On 27 February 2018, RHB Bank Berhad announced its financial results for the financial year ended 31 December 2017. The Group reported a net profit of RM1,950.1 million compared with RM1,681.6 million recorded in 2016 or an increase of 16.0%. The improved performance was largely driven by higher net funding income, lower loan loss impairment and lower impairment losses on other assets, partially offset by higher overheads and lower non-fund based income.
Net fund based income rose by 5.4% to RM4,554.0 million year-on-year. This was mainly underpinned by growth in loans and prudent funding cost management particularly reflected in the healthy 18.8% CASA growth and replenishment of new sub-debts issuances at lower rates as well as redemption of a portion of senior notes during the year. The efforts brought about a stable NIM performance at 2.18% for the full year.

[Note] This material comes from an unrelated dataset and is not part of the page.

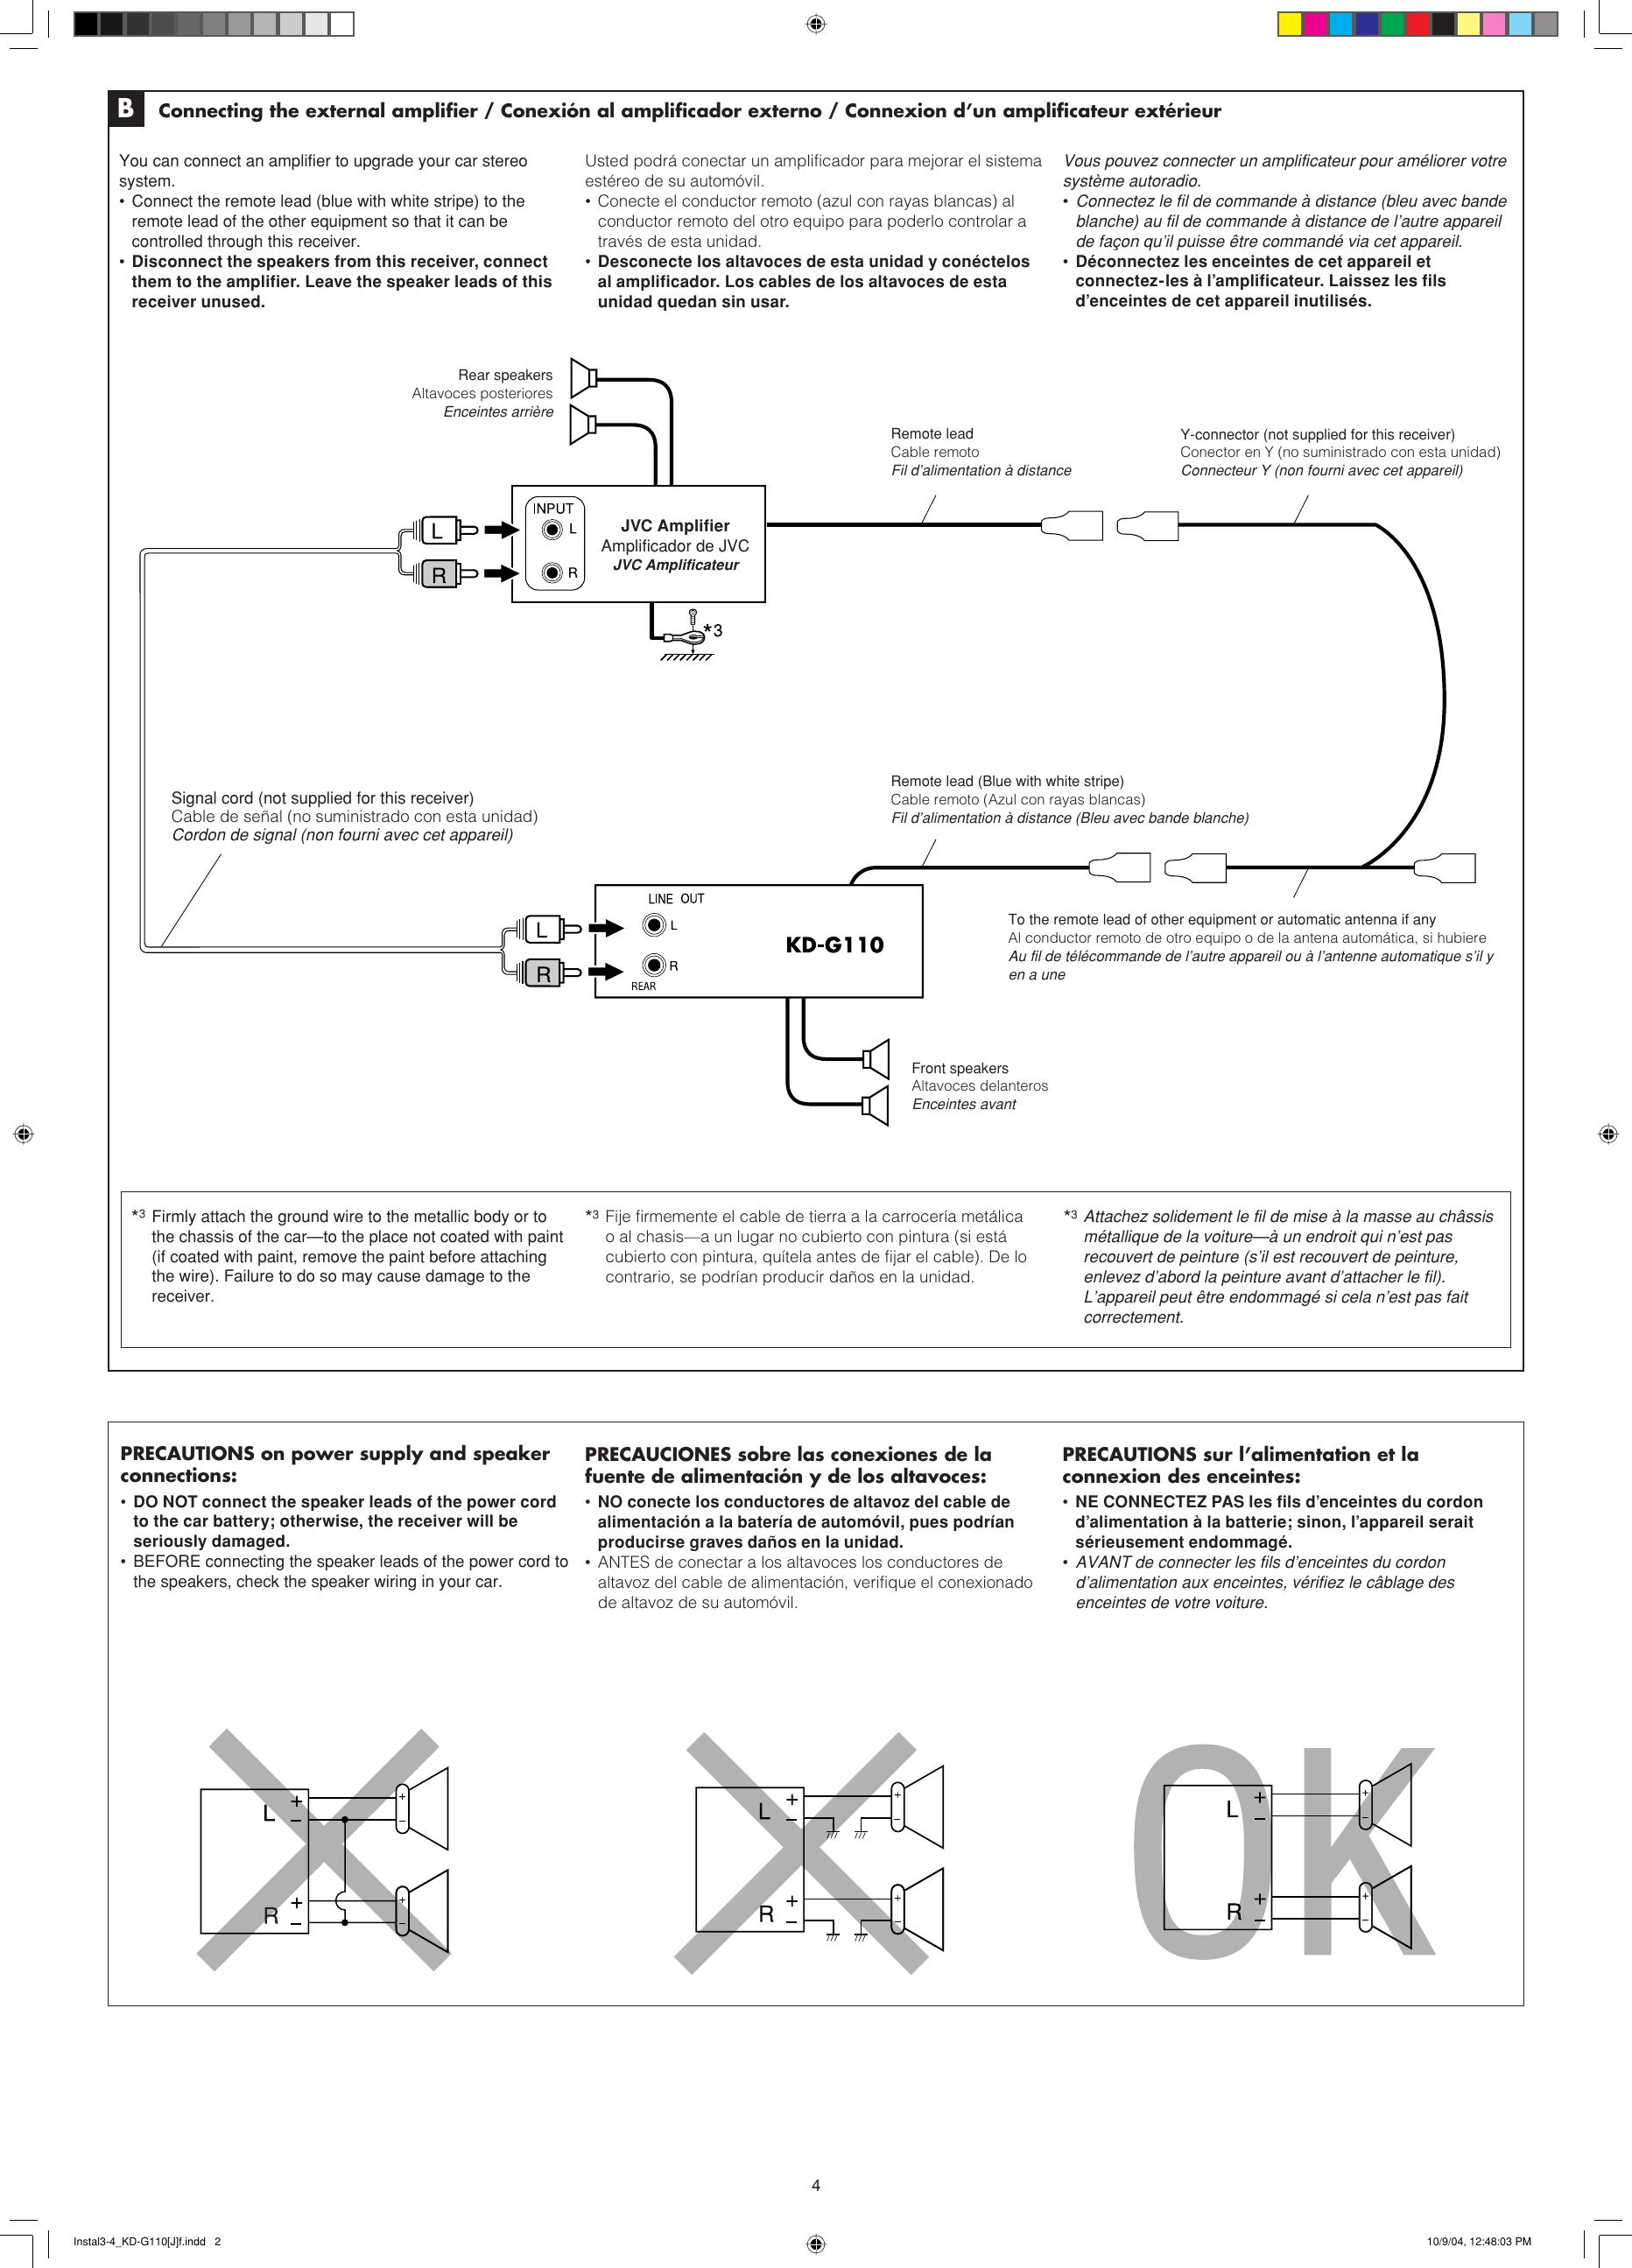 jvc kd g110 wiring diagram jvc kd g110 installation manual g110 j   jvc kd g110 installation manual g110 j

Non-fund based income declined 1.9% to record RM1,832.7 million from lower net gain on derivatives, commercial/investment banking fee income and insurance underwriting surplus. However, the impact was partly compensated by higher brokerage income in line with better trading volumes, higher Treasury trading and investment income, increase in net wealth management fee income and higher net foreign exchange gain.
Operating expenses were closely managed and rose by 2.9% to RM3,186.5 million from the previous financial year, attributed to higher personnel costs and IT-related expenses arising from investment in technology infrastructure and capabilities but a decline in office rental and related premises maintenance cost partially negated the impact. As a result, the Group’s effective cost management continued to deliver positive results, translating to cost-income ratio of 49.9% from 50.0% a year ago.

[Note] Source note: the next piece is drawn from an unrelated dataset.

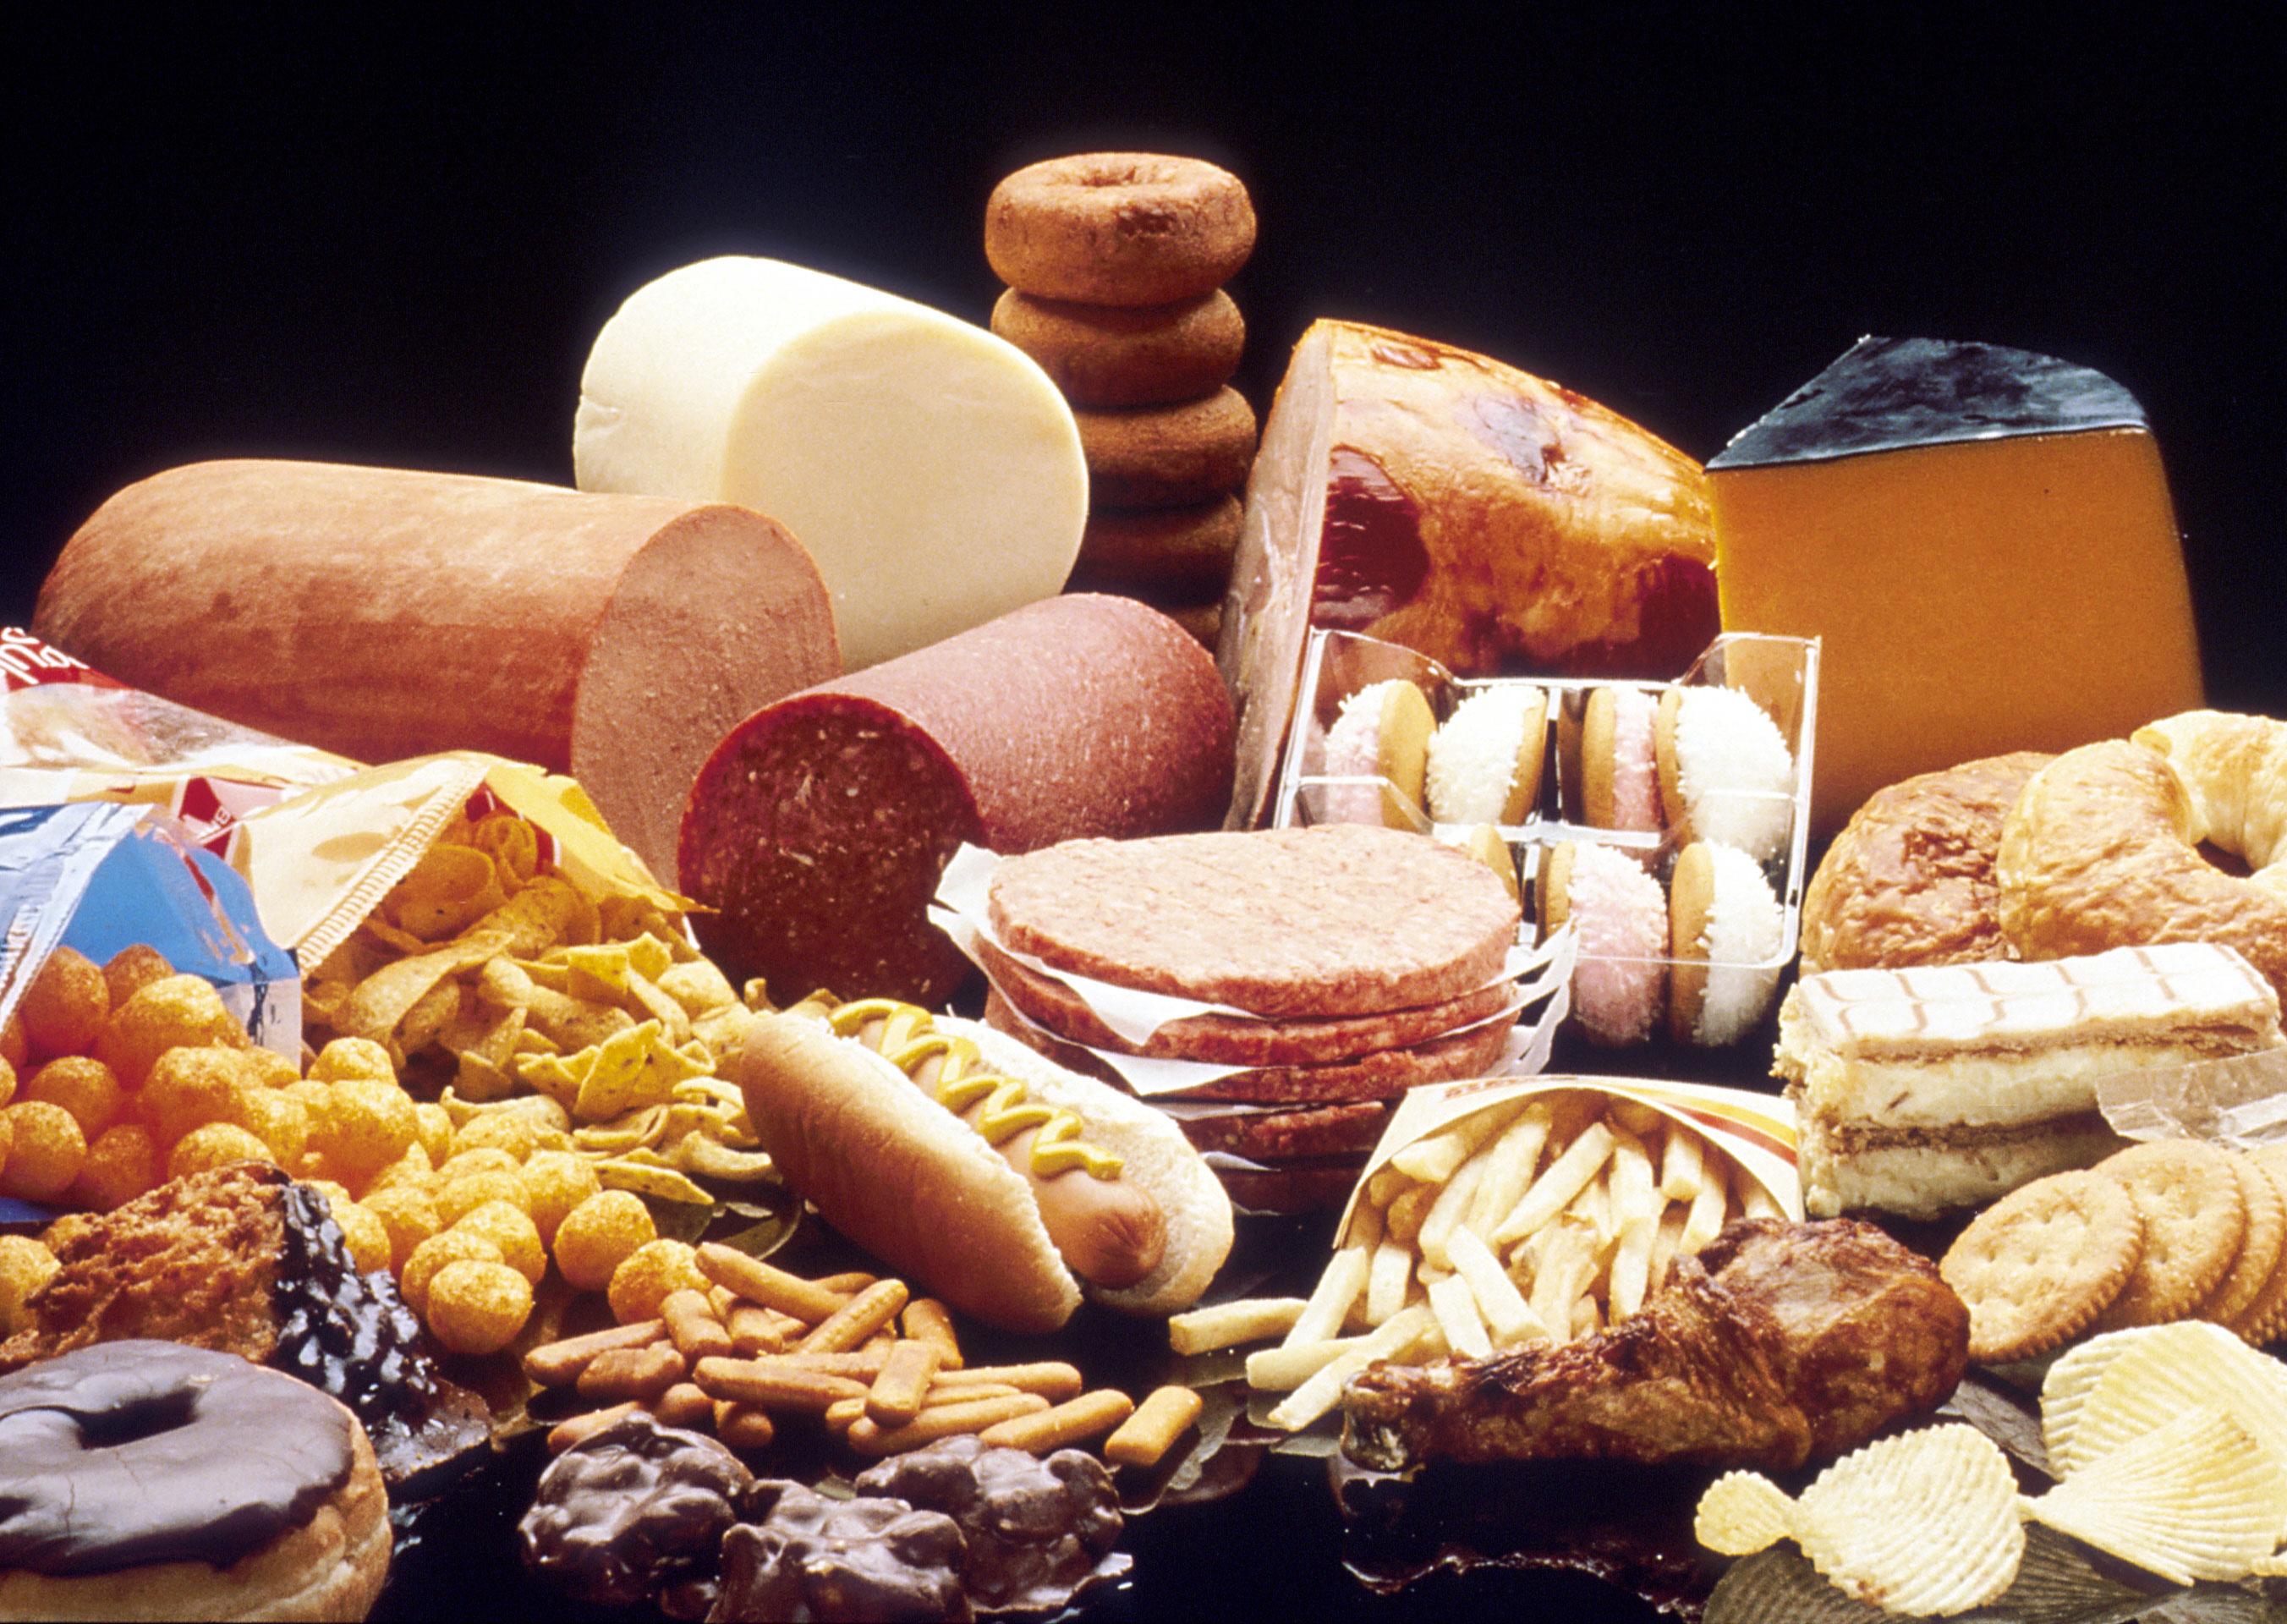 5 jedál, ktoré by nutriční špecialisti nikdy nezjedli

Allowances for impairment on loans and financing declined by 28.3% to RM426.8 million, primarily due to pre-emptive provisions for legacy steel related exposure provided in the previous year. This led to improvement in credit charge for the full year to 0.27%, compared with 0.39% recorded last year.
Malaysia’s 2018 real GDP is projected to grow at a healthy pace of 5.2% on the back of sustained strong growth in private consumption and private investments.
The Malaysian banking sector is expected to see a recovery in loans growth primarily from stronger demand for business loans. Capital market activities are also expected to pick up which would help support non-interest income of banks.